A host stands for that part of the population that is susceptible to an infectious agent. Some individuals are usually more prone to specific types of infections, and they end up becoming a host. For example, young children are more susceptible to being infected by chickenpox compared to adults. On the other hand, patients and elders have a body immunity that is weakened and, therefore, are more likely to be infected. In addition, 90% of chickenpox cases are reported among young children who are below ten years. Before the development of the varicella vaccine, almost each person was infected by the disease. Nevertheless, most individuals who receive the chickenpox vaccination are usually protected from suffering from this virus. Individuals who receive the vaccination and develop the disease commonly suffer from its milder form, have a reduced number of spots, and their recovery rate is higher. 

The Role of the Community in Health Nurse

The community health nurse is tasked with carrying out a thorough investigation as soon as the first suspicious case of varicella disease has been reported. Incidents of the virus have declined considerably since the first introduction of the vaccine. Nevertheless, laboratory confirmation of the disease has become fewer since health nurses have increased experience with contagious infections. Chickenpox usually has a typical appearance, which leads to reduced lesions and absence of characteristic vesicles. Nurses are required to report all varicella virus hospitalizations and deaths and confirm cases of unusual and severe diseases so that they can be routinely confirmed in the laboratory. 

Post-vaccination should be carried out for various kinds of specimen of the disease that seem to be severe. They include rashes that have more than 50 lesions and occur within seven to 42 days following the vaccination. The same applies to already vaccinated individuals who have herpes zoster, suspicious vaccine virus that has been secondarily transmitted, and any form of severe and adverse effect. It the case of the chickenpox outbreak, a health nurse is advised to confirm a minimum of three to five cases, irrespective of the vaccination status. Such an activity will lead to the confirmation of varicella infection. The preferred diagnostic tests involve DNA detection techniques for virus identification. Nurses are also advised to be skilled with recommended techniques of specimen collection, virus identification and isolation. Skin lesions are basically the preferred specimens to be used for the laboratory confirmation of the chickenpox virus. Varicella immunity is usually confirmed through blood specimens.  

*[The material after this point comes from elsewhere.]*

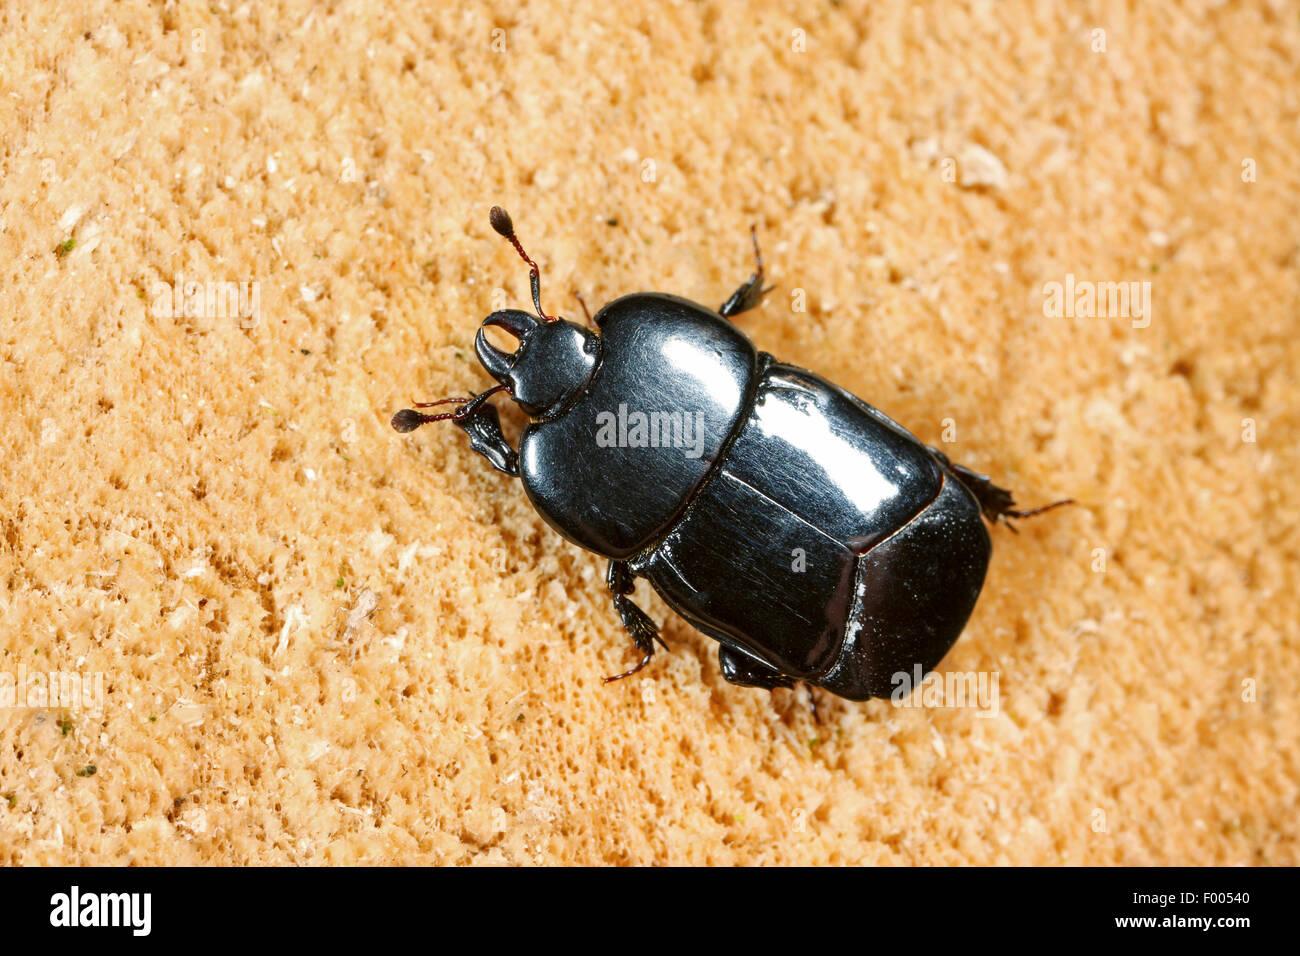 Imiter beetle (Hololepta plana), sur bois, Allemagne Photo Stock

The Role of the Missouri Department of Health and Senior Services (DHSS)

The DHSS has classified Varicella deaths and varicella (chickenpox) as Category 3 diseases. Medical practitioners are required to report such cases to the local authority within a span of three days after the first suspicion or knowledge. DHSS officials can be contacted seven days a week, 24 hours a day at 800-392-0272. When the first case of chickenpox is reported, officials are required to fill a Disease Case Report (CD-1). This information is then collaborated with the WebSurv application, or it can be sent to officials at the health district for entry. The DHSS has been an active department in the prevention and treatment of varicella virus. It ensures that all health professionals in the state collaborate with their District Health Office. Special circumstances of varicella cases must be entered into WebSury, and any incomplete CD-1 information will not require an urgent investigation unless under special circumstances.